Don't even think about using a flame on the cylinder, or any temperature too hot to touch!


----------



## Tin Falcon (Oct 13, 2013)

Adding fins to the head and cylinder would allow for increased heat transfer and minimize the cooling effect of the expanding gas. 

It may also be possible to use a set screw type device to adjust the height of the valve mechanism this could allow for minor adjustments in how long the valve is open. 
That said. 
Again I encourage build tried and true designs before you try to reinvent or improve on the design. 
Tin


----------



## majorm (Oct 13, 2013)

Enthropy455 I know what you mean about the heat and pressure.  Even back in my paintball days I remember keeping the CO2 tanks, when we used those, out of the sun.  I wouldn't heat the main cylinder but maybe a small volume in the supply tube.  I talked with my swagelok rep one day about how much pressure their tube could handle at certain temps back when I was looking at steam.  He gave me a table showing the max pressure correction for certain temps.  The pressure capability drops off FAST once heat is considered.  I think I was a little misleading saying pressure vessel.  Its definitely an area to approach slowly and warm water would be the way to go if i decide to try it.  I would want to put a pressure transducer or gauge on it though to somehow quantify where it was pressure wise.         
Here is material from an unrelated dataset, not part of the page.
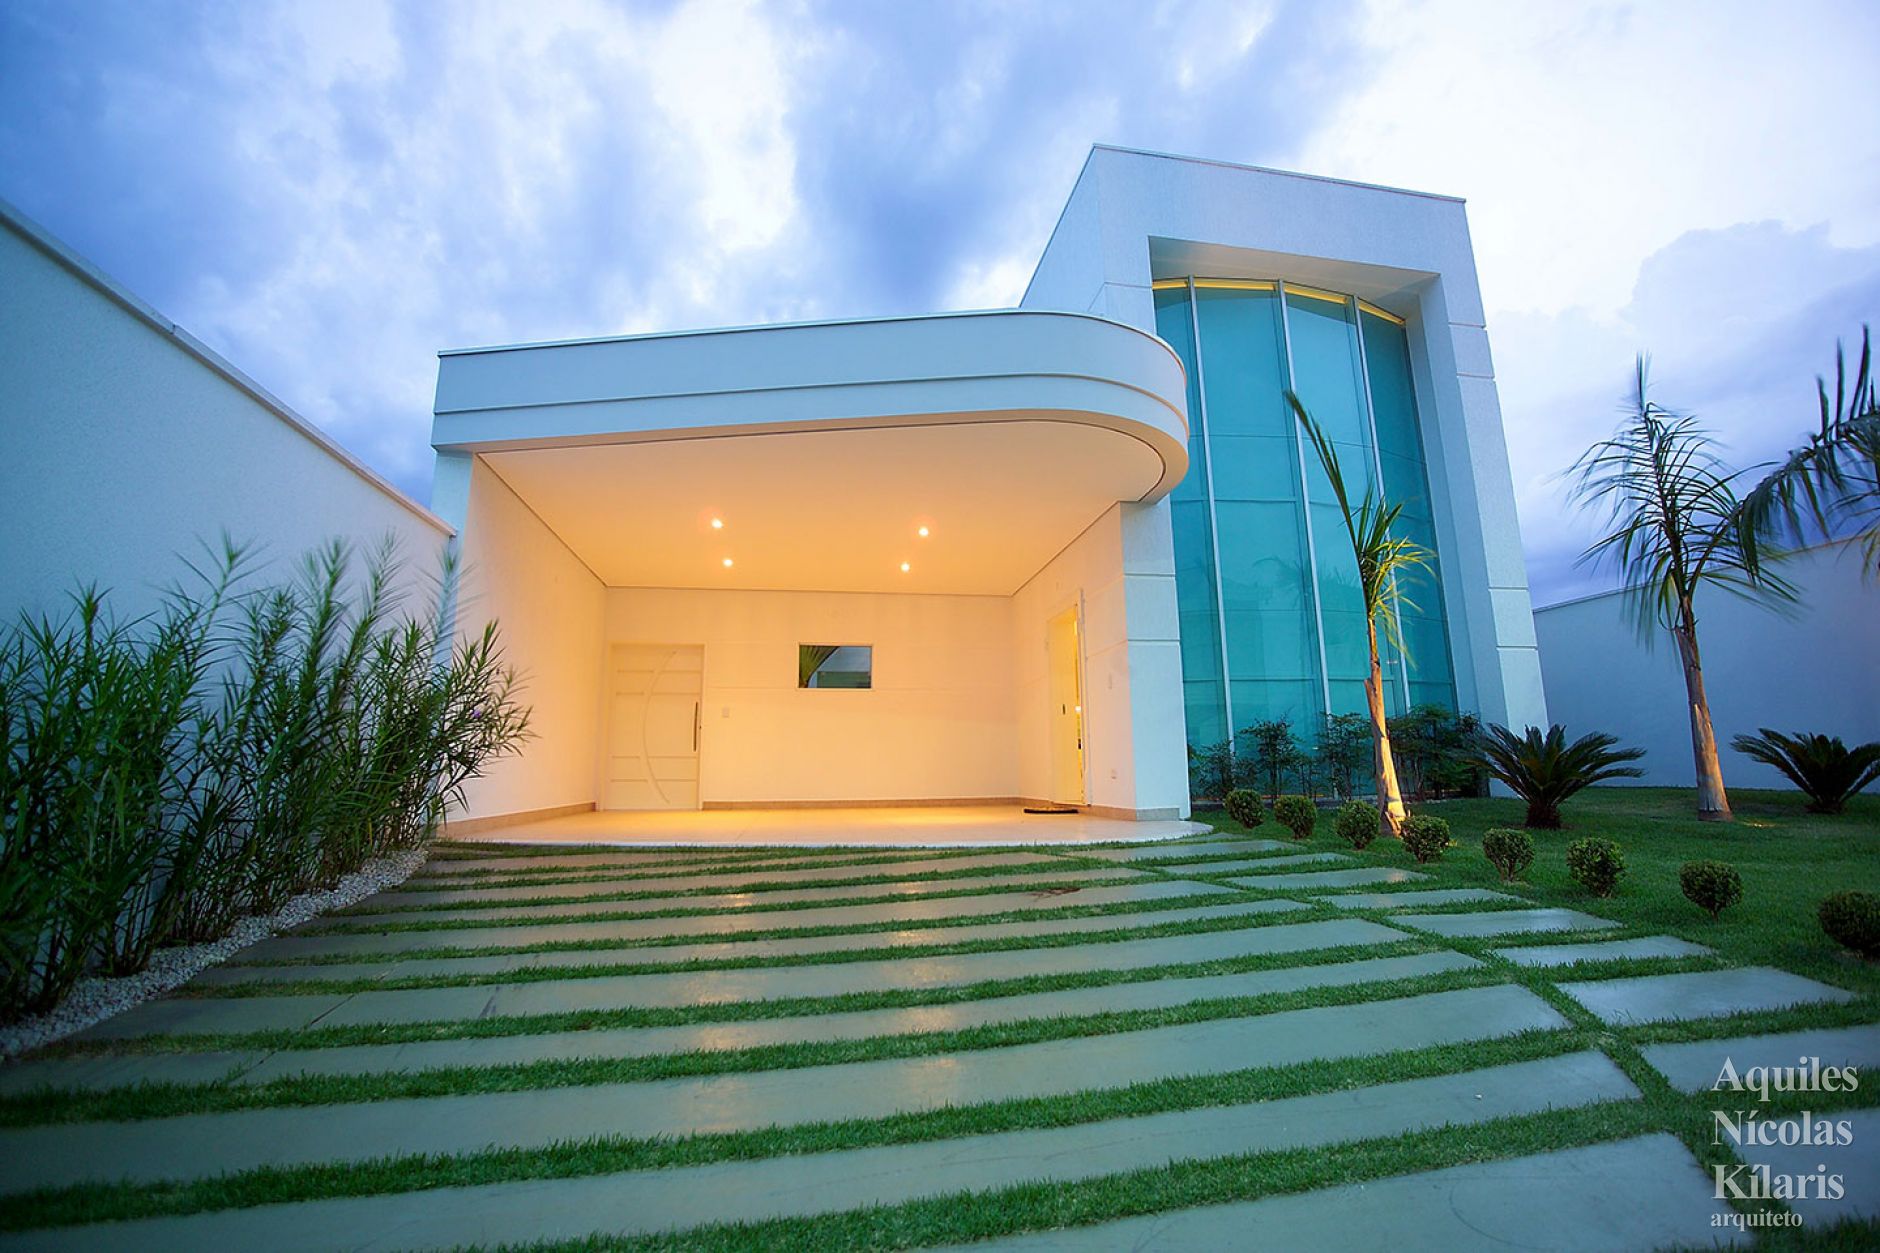 Arquiteto - Aquiles Nícolas Kílaris - Residential Projects - Loft House

Tin Falcon:  Ill definitely build a known design before I actually make something of my own design.


----------



## Tin Falcon (Oct 13, 2013)

http://www.animatedengines.com/co2.html

You may want to try to find a deal on an old "AIR Hogs" engine these engines run on compressed air , are made of clear plastic, and these engines are essentially of the same design as a CO2 engine. 
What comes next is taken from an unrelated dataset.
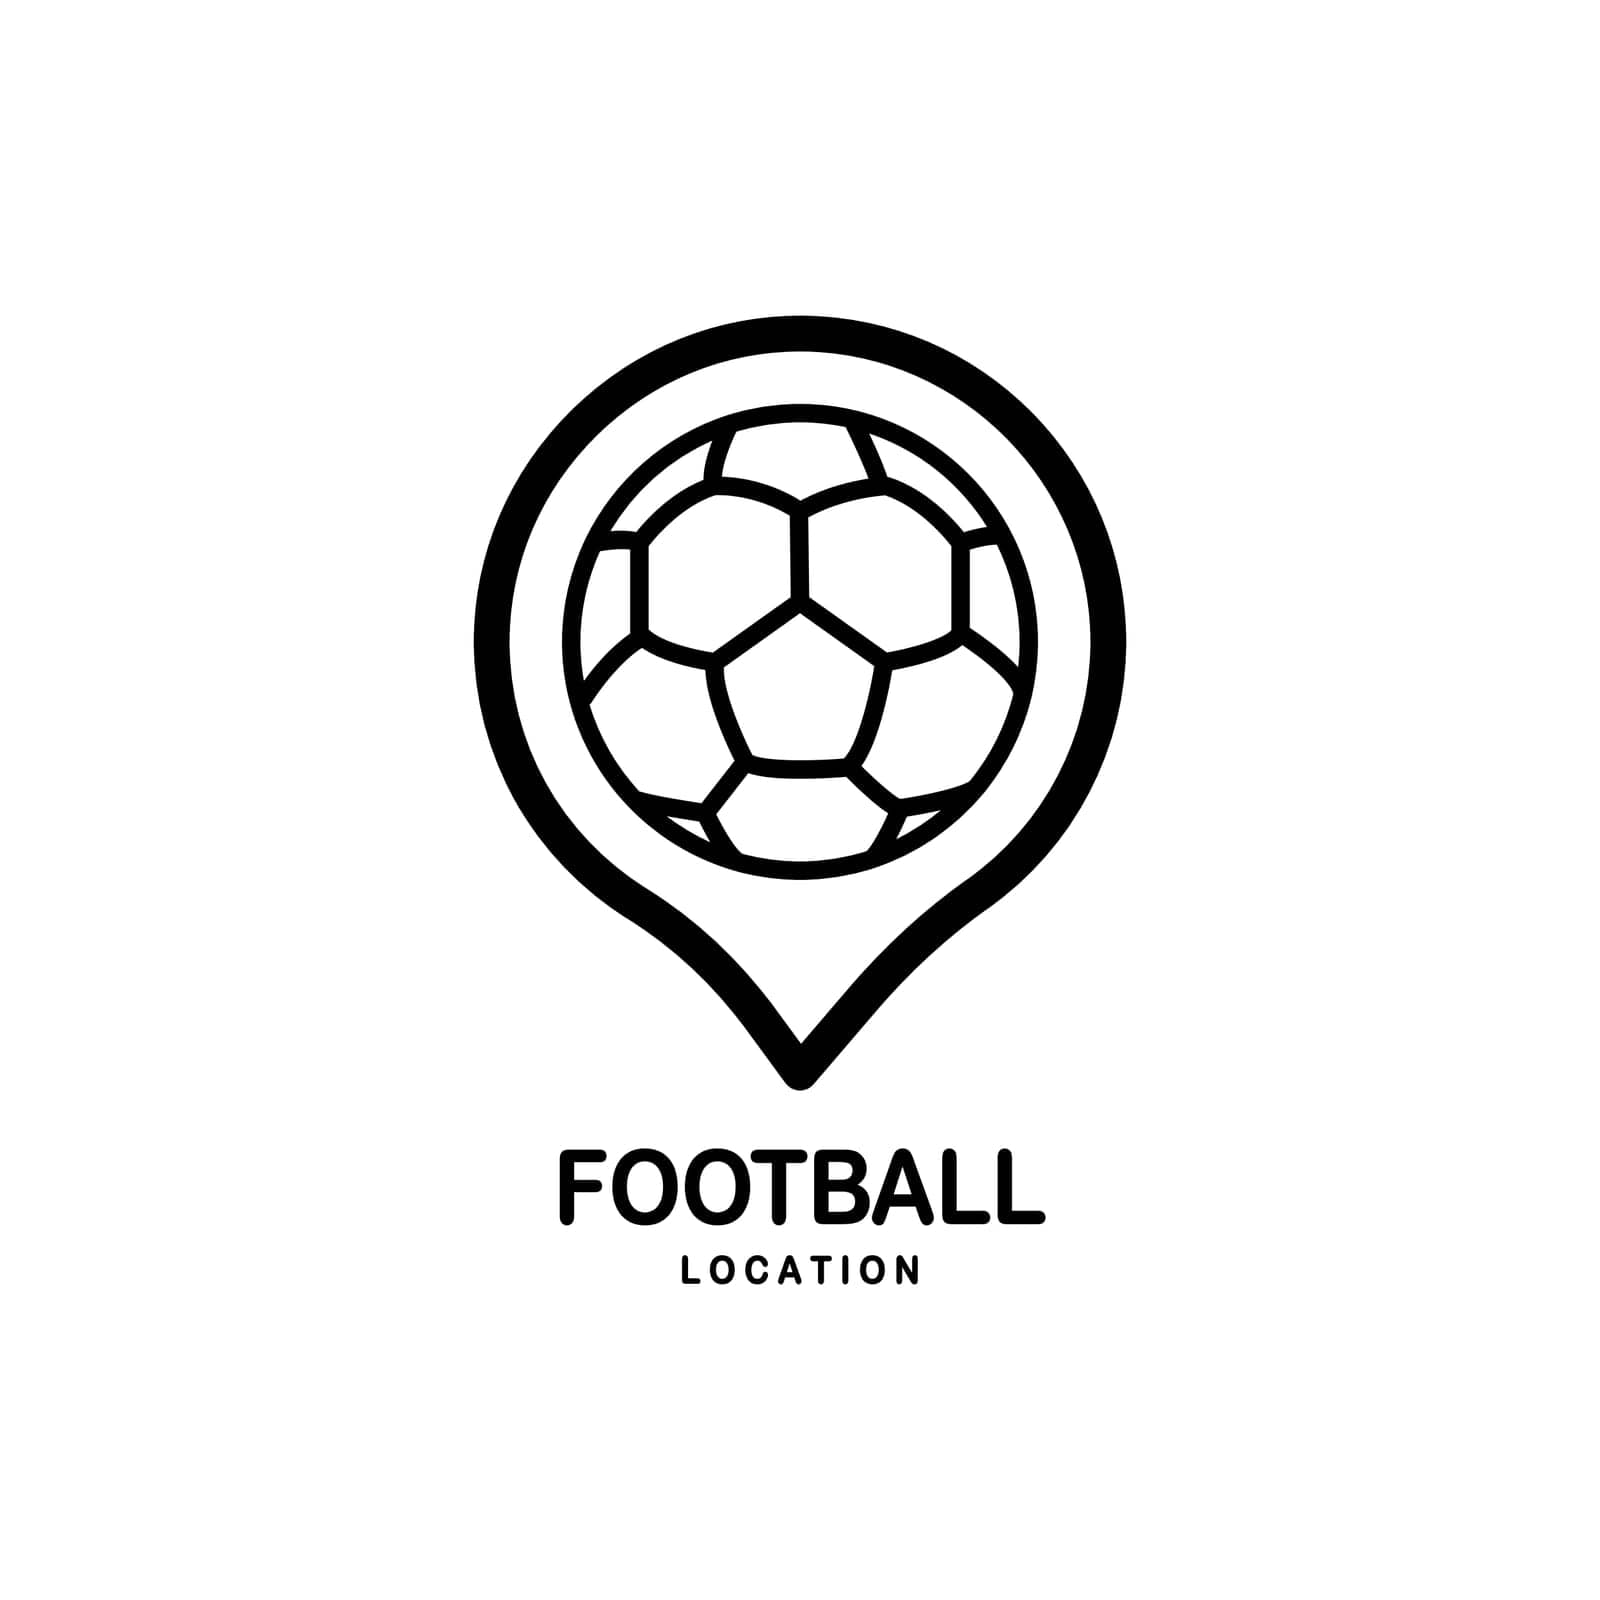 Football match location icon. stadium pin locator. simple illustration outline style sport symbol.

I ask again what is your goal in all of this. You seem bent on performance enhancements. What application are you intending ??. you speak of a desk model.  If you simply have an engine working on a desk added weight is not an issue be neither is max performance. 

If you intend on using the engine in an aircraft, then performance would be desirable but added weight of water or other items reduce the power to weight ratio. 
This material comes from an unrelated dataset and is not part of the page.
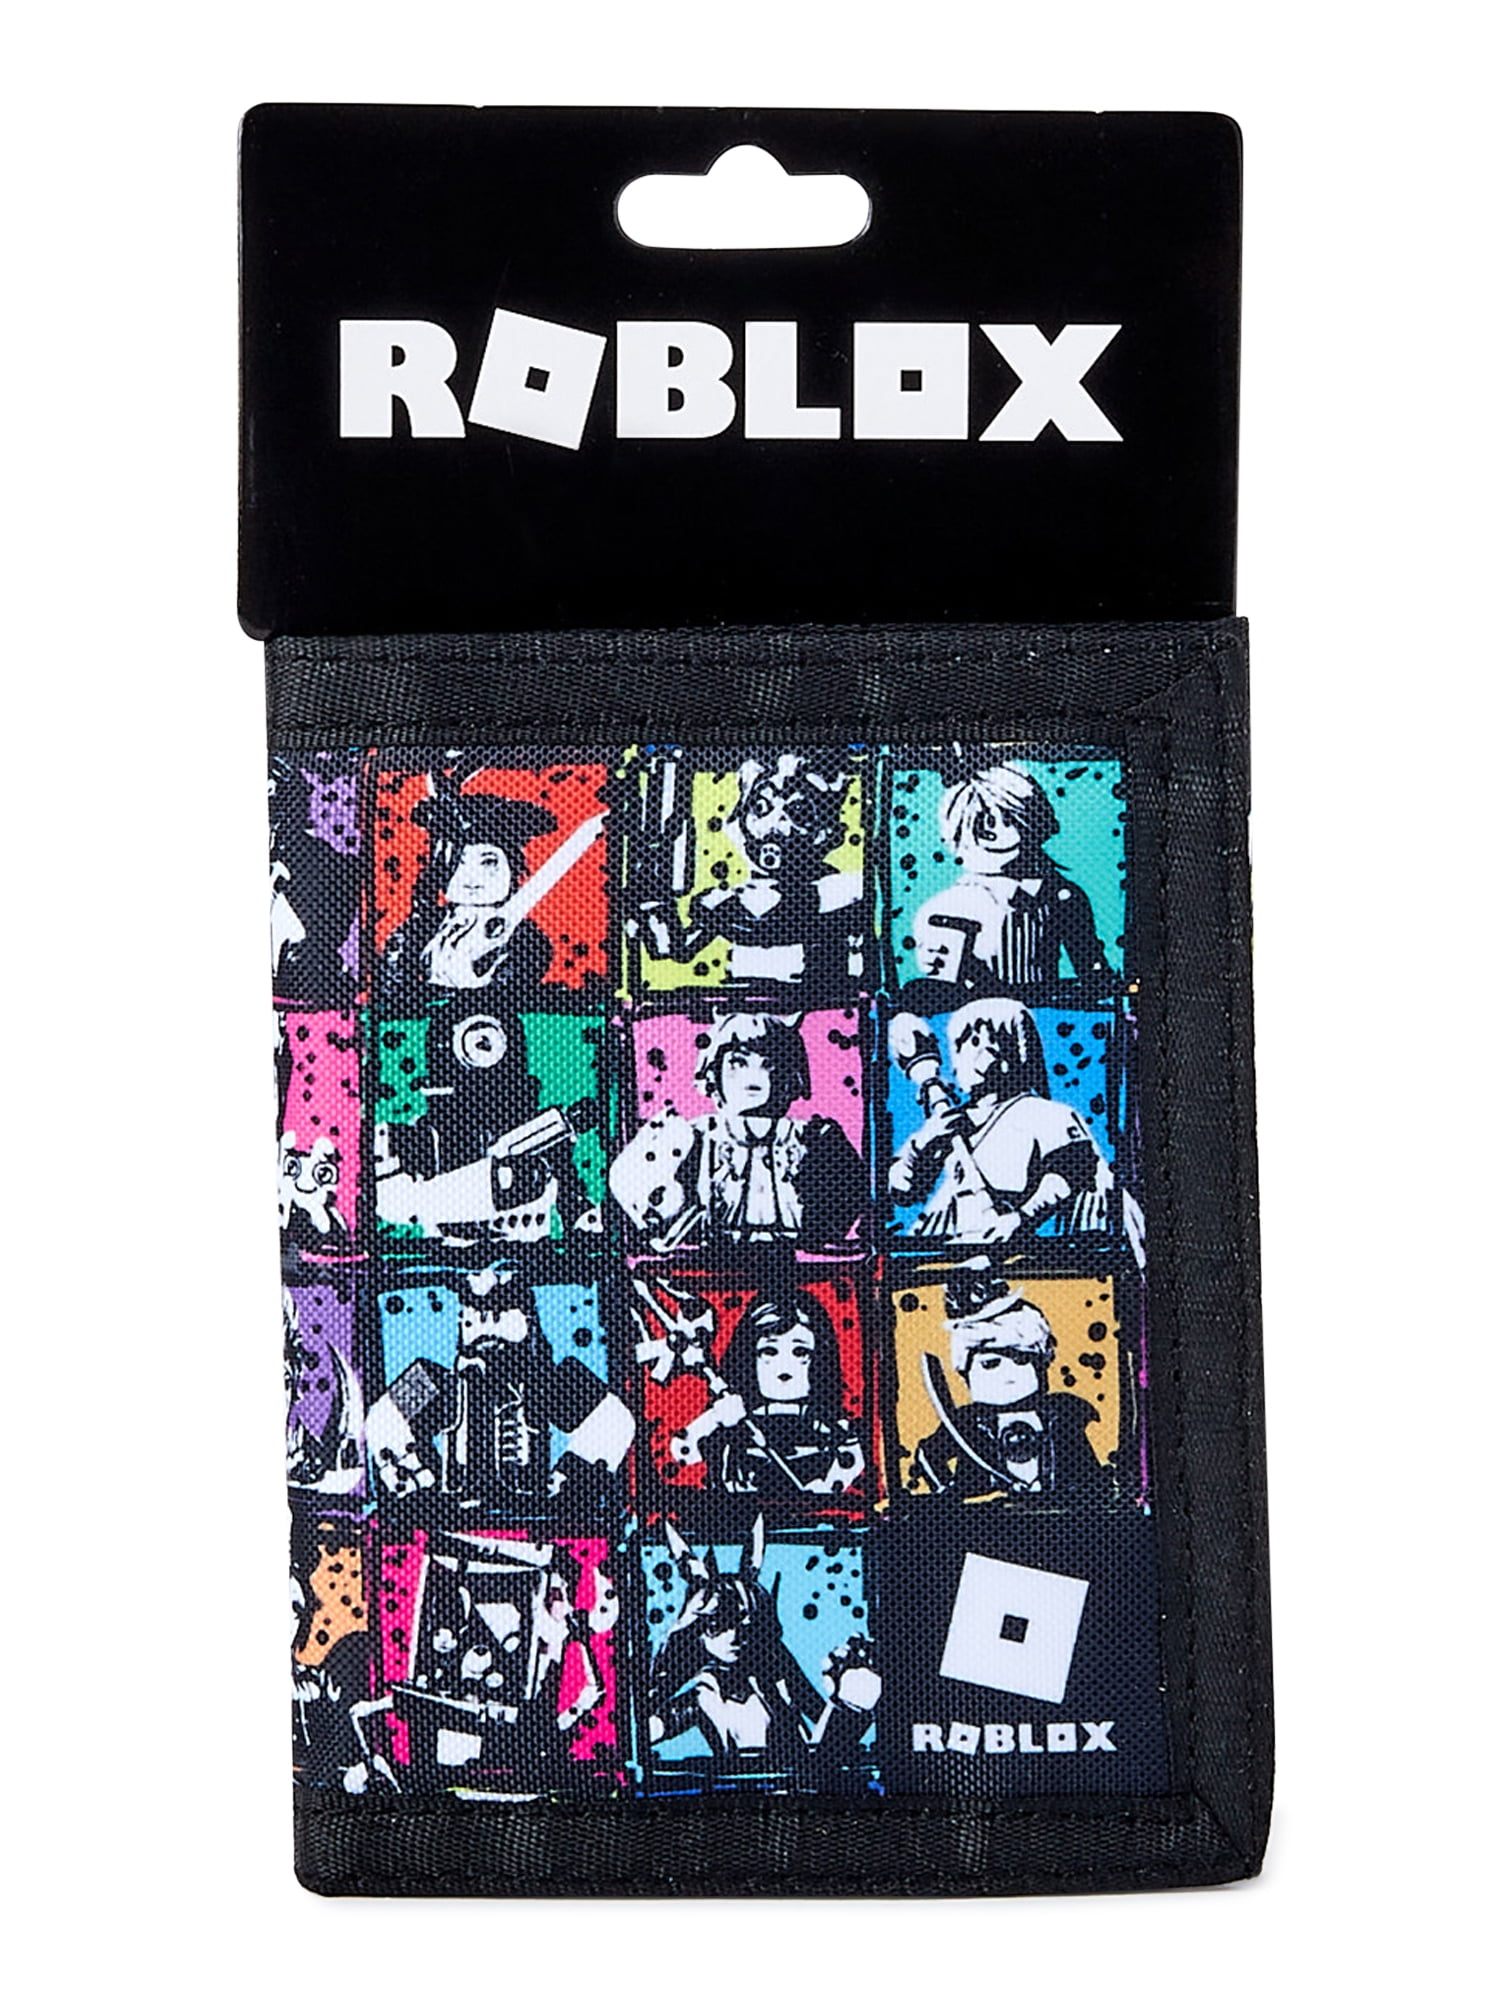 Roblox Wallet Black Simple Fashion Trend Student Wallet Cartoon

IMHO the only logical application for a CO2 engine with added hardware is on a land or water craft. 
So have fun and be safe  things blowing up near flesh is not fun or safe. Getting hurt is not fun. 
Tin


----------



## majorm (Oct 13, 2013)

My intentions are two fold.  I want to initially build a small desktop engine to get a basis for how it works.  Then from there make some different versions to test out how they perform. I do realize a scaled engine wont necessarily work like a full size one.  After I can get my head around how various ideas I have work then move onto something larger.  I may try to make a lawn mower engine or something to run a belt sander.  Just something as a proof of concept to see how it works.  If that works out then move up to something larger like a boat engine.  That would be well down the road though.  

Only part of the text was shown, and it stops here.